The clean, geometric forms of Brasilia do little to support the inherent messiness of daily life for real people.

In high modernism, not only does the designer exert near-total control over the design, he also operates under the assumption that he holds all relevant knowledge about the design problem.

If we plot these two dimensions—knowledge and control—on a simple chart, high modern design occupies a distinct quadrant.

When to Design for Emergence

High modern design was widely discredited following a series of high-profile failures in the 1970s and 80s, ranging from the demolition of Pruitt Igoe to the collapse of the Soviet Union. By the end of the 20th century, a new design paradigm had taken its place.

User-Centered Design

In contrast to high modern design, user-centered design takes a more modest position; the designer does not inherently know everything, and therefore she must meticulously study the needs and behaviors of users in order to produce a good design. User-centered design remains the dominant design paradigm today, employed by environmental designers, tech companies, and design agencies around the world.

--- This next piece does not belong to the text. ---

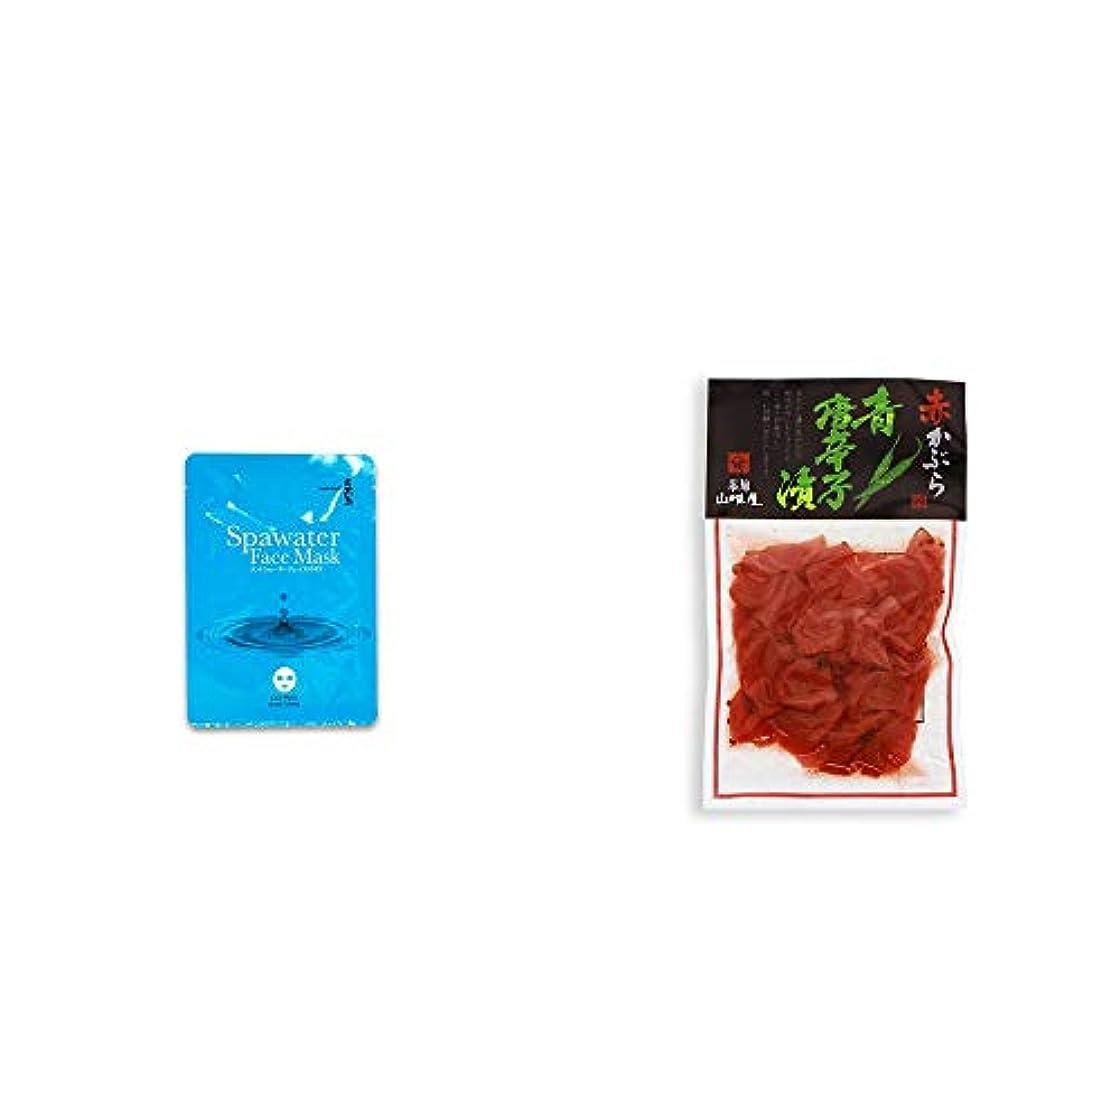 区別銀名義で[2点セット] ひのき炭黒泉 スパウォーターフェイスマスク(18ml×3枚入)・飛騨山味屋 赤かぶら 青唐辛子漬(140g)

User-Centered Design suggests identifying well-trodden ‘desire paths’ and designing for them (in this case by paving a new sidewalk).

User-centered design suggests identifying well-trodden ‘desire paths’ and designing for them (in this case by paving a new sidewalk).

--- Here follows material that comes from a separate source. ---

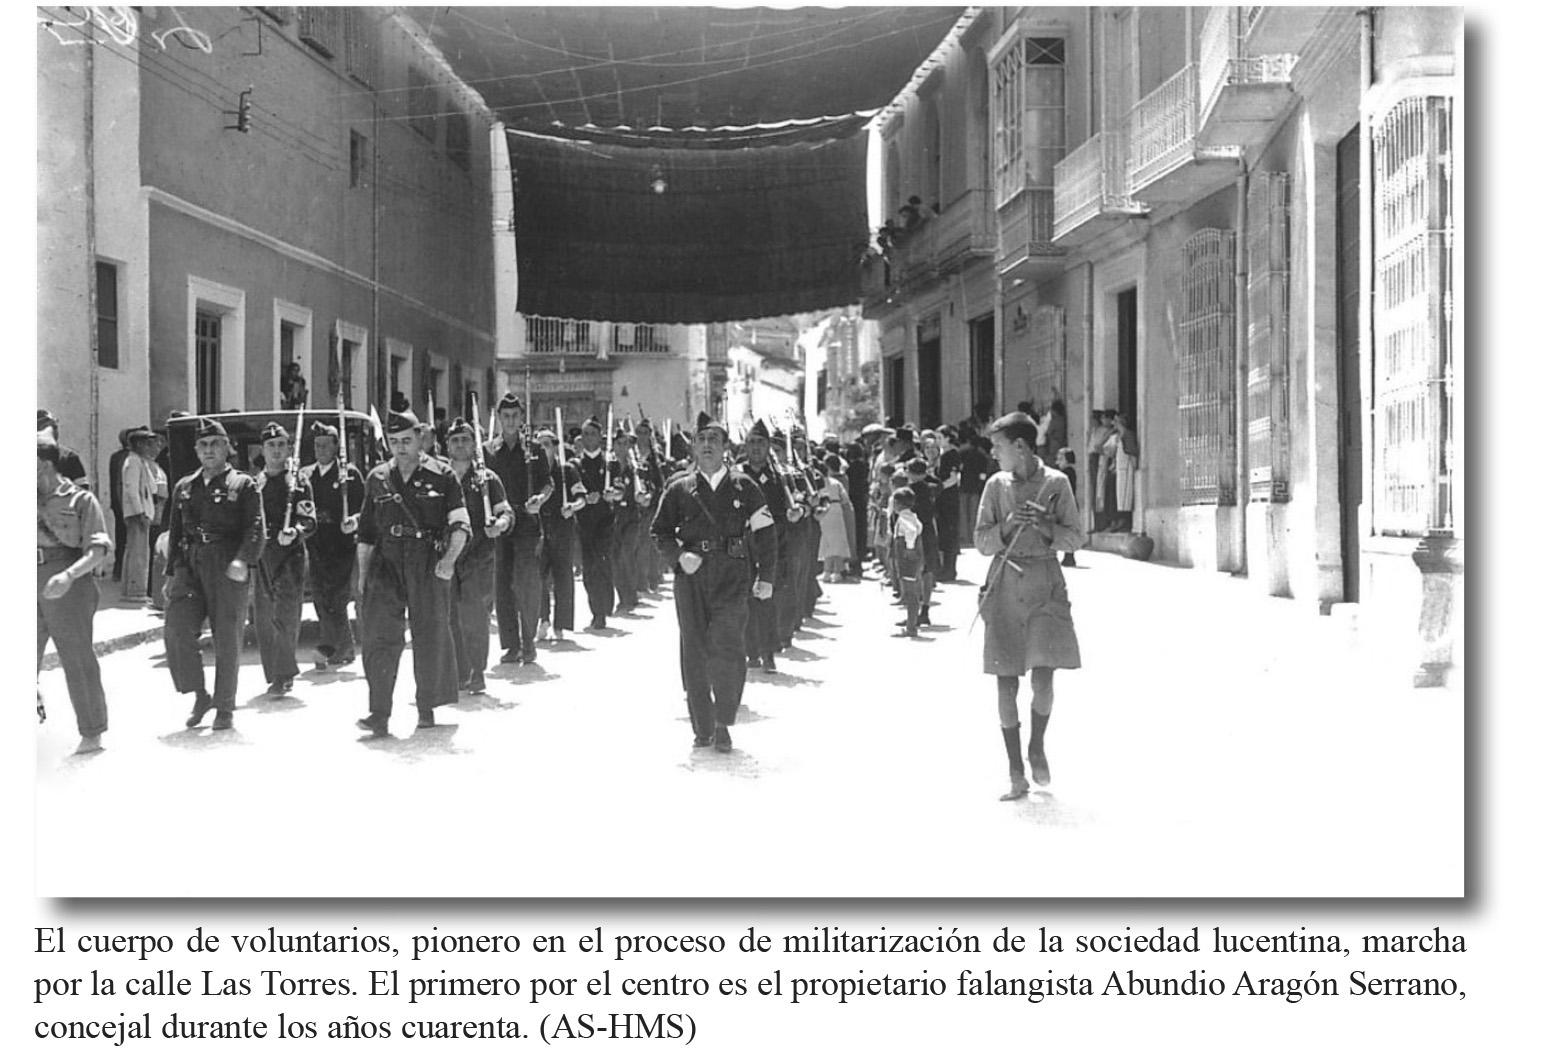 C/ las Torres. Cuerpo de voluntarios

While user-centered design discards the high modern assumption that the designer always knows best, it retains the idea that the designer should maintain control. In this paradigm, design is about gaining knowledge from the user, identifying desirable outcomes, and controlling as much of the process as possible to achieve those outcomes. ‘Design’ remains synonymous with maximizing control.

When to Design for Emergence

User-centered design has a better track record than high modern design, but it still exerts a homogenizing effect. The needs of the modal user are accommodated and scaled through software or industrial manufacturing, while power users and those with edge cases can do nothing but actively petition the designer for attention. In most cases, diverse users with a wide variety of niche use cases are forced to conform to the behavior of the modal user.

In many cases this is sufficient. Don Norman, who coined the term ‘user-centered design,’ is infamous for his ‘Norman Door’ design example. User-centered design generally works well as an approach to solving common problems like permeable separation between spaces (i.e. the common problem doors solve) or comfortable food preparation.

But consider even the ‘desire path’ example pictured above. The modal user may be well supported by paving the desired path indicated by their behavior, but what good is a paved path leading to stairs for a wheelchair user? In practice, user-centered design tends to privilege the modal user at the expense of the long-tail user whose needs may be just as great.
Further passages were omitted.